>>>

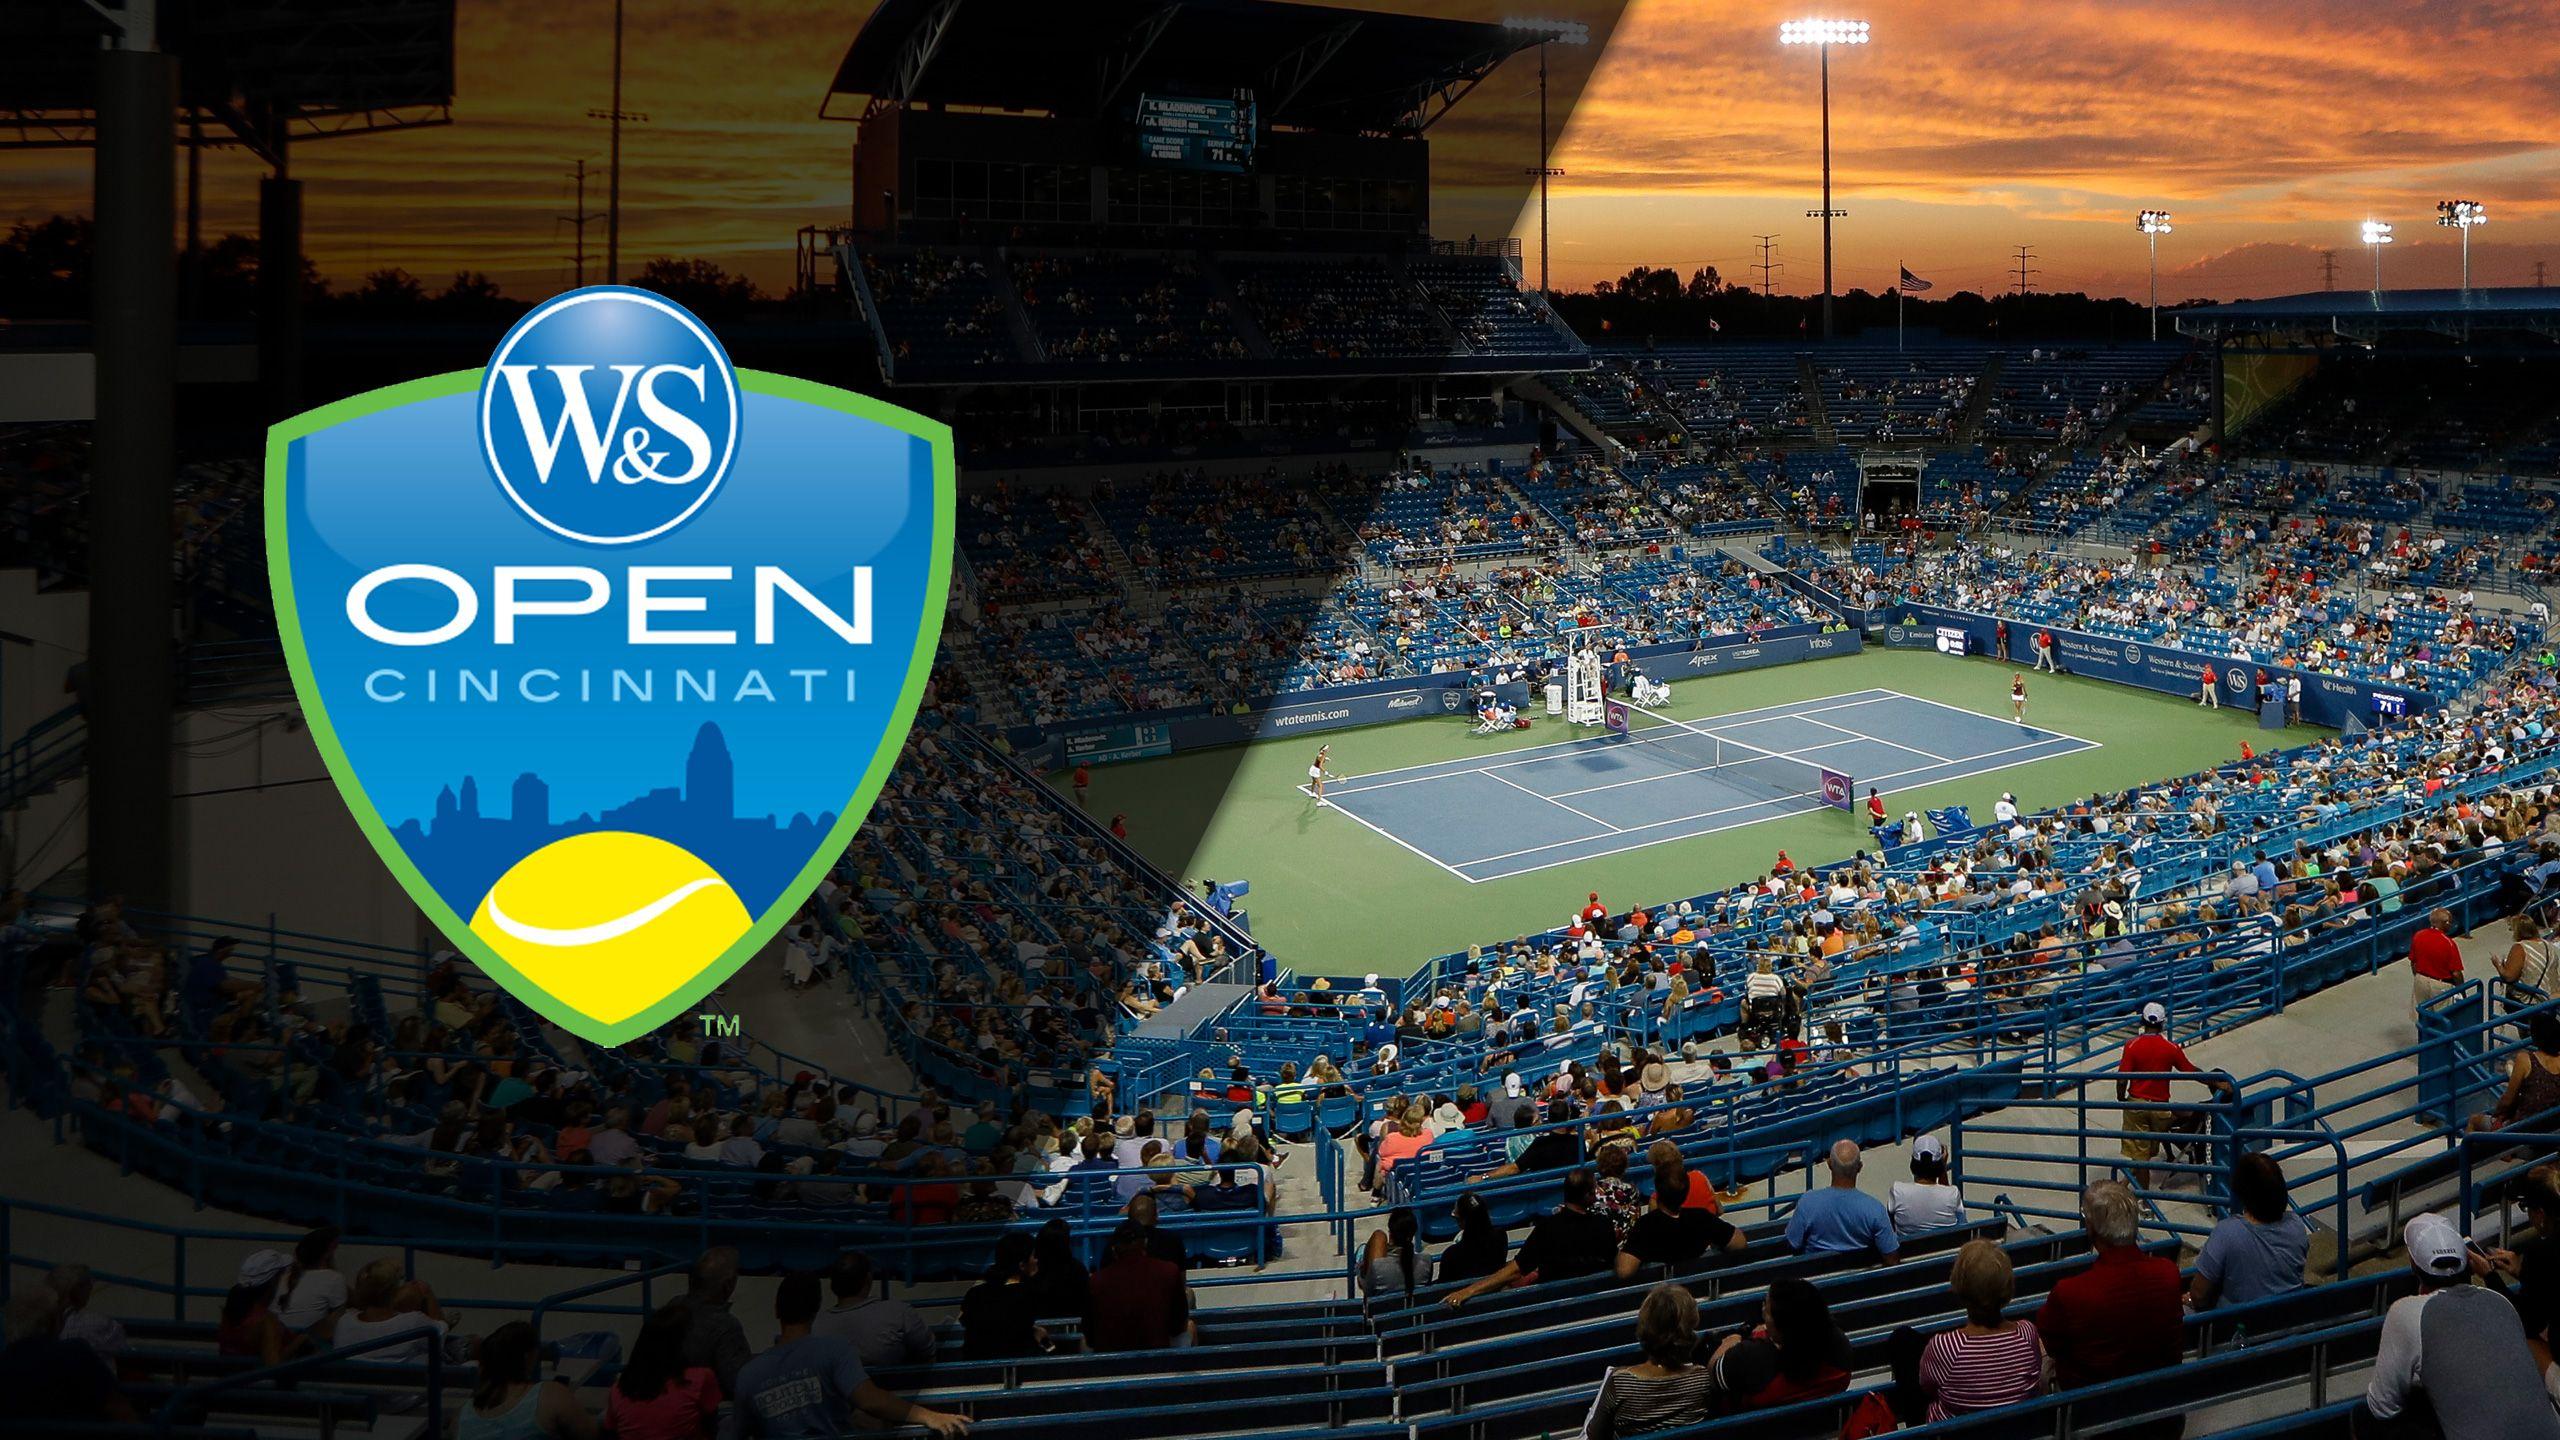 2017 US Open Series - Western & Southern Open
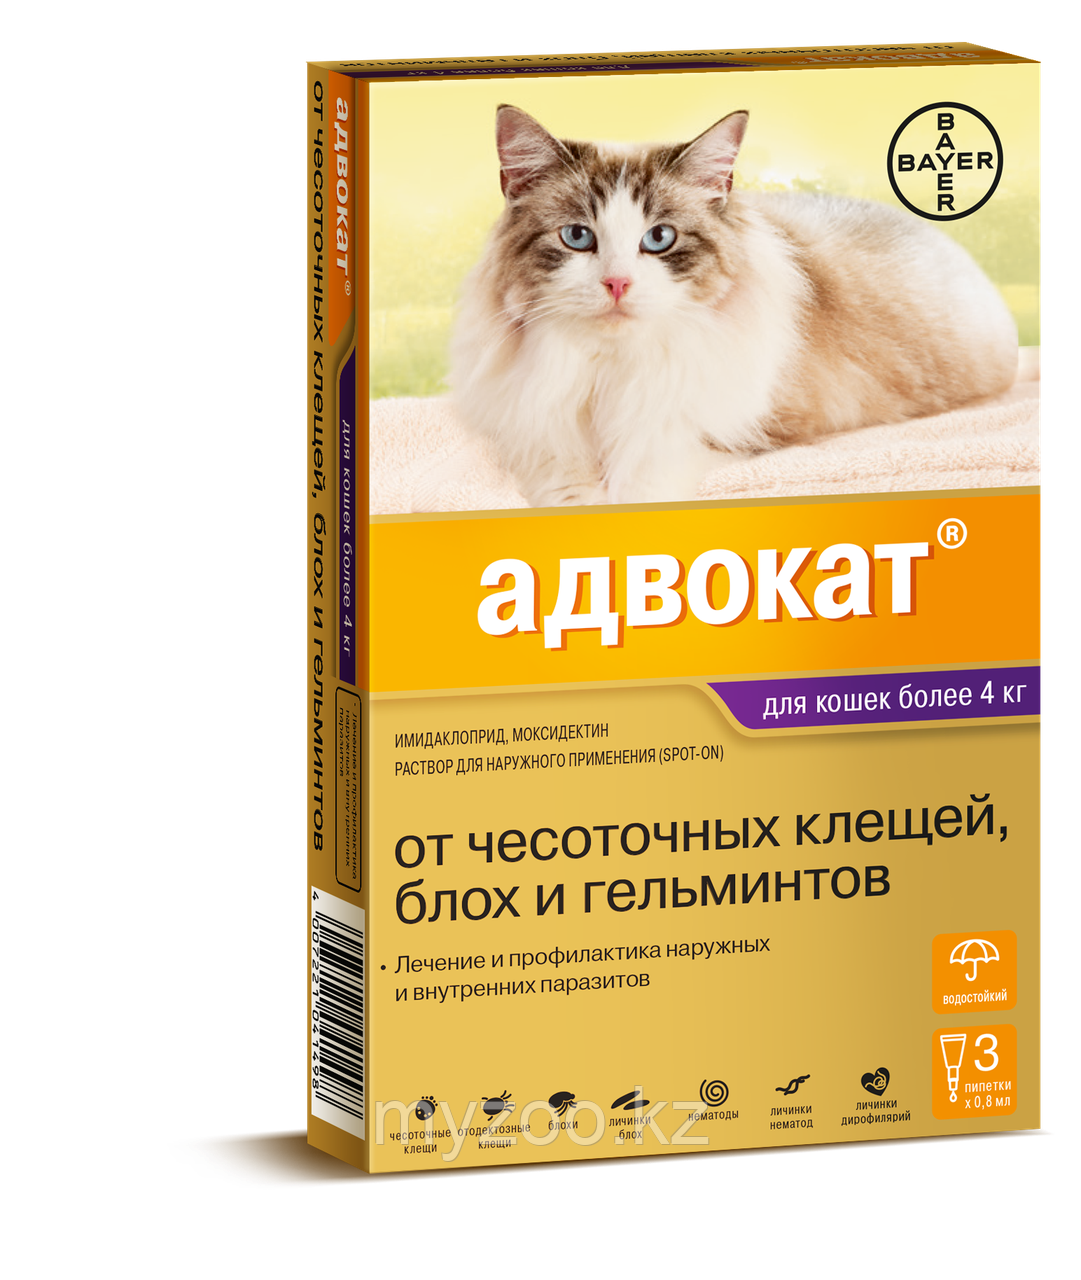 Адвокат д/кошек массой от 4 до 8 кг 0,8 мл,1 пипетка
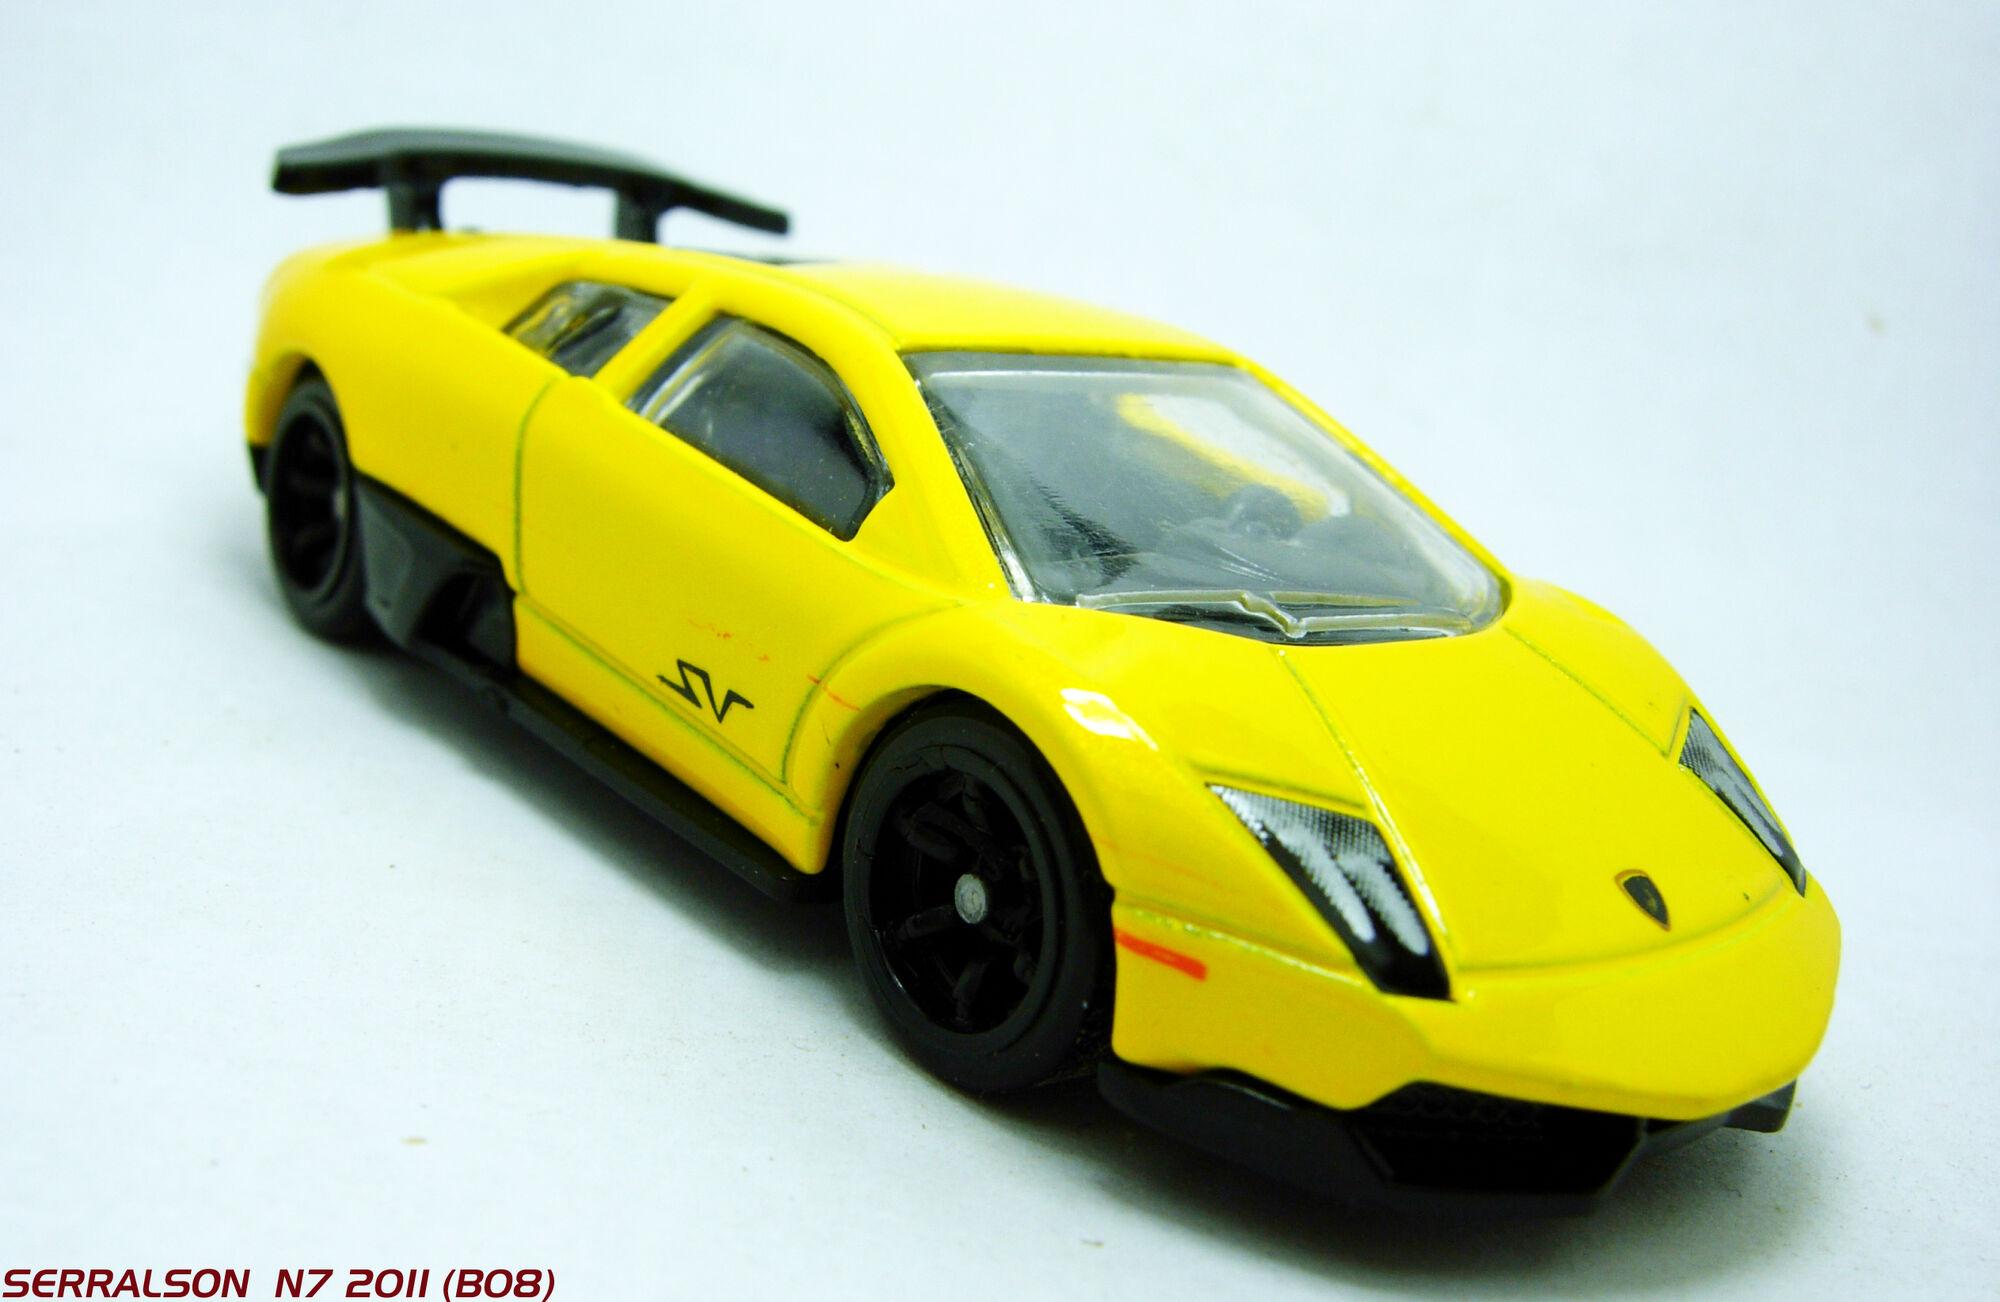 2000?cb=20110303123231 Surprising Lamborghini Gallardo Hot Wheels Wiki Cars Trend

<<<

■ **Work instructions**: Nothing should be printed except the lines from the one with "Адвокат д/кошек массой" through the last line of the listing above, both ends included; please drop the pictures.

■ **Your solution**:
 Адвокат д/кошек массой от 4 до 8 кг 0,8 мл,1 пипетка
 2000?cb=20110303123231 Surprising Lamborghini Gallardo Hot Wheels Wiki Cars Trend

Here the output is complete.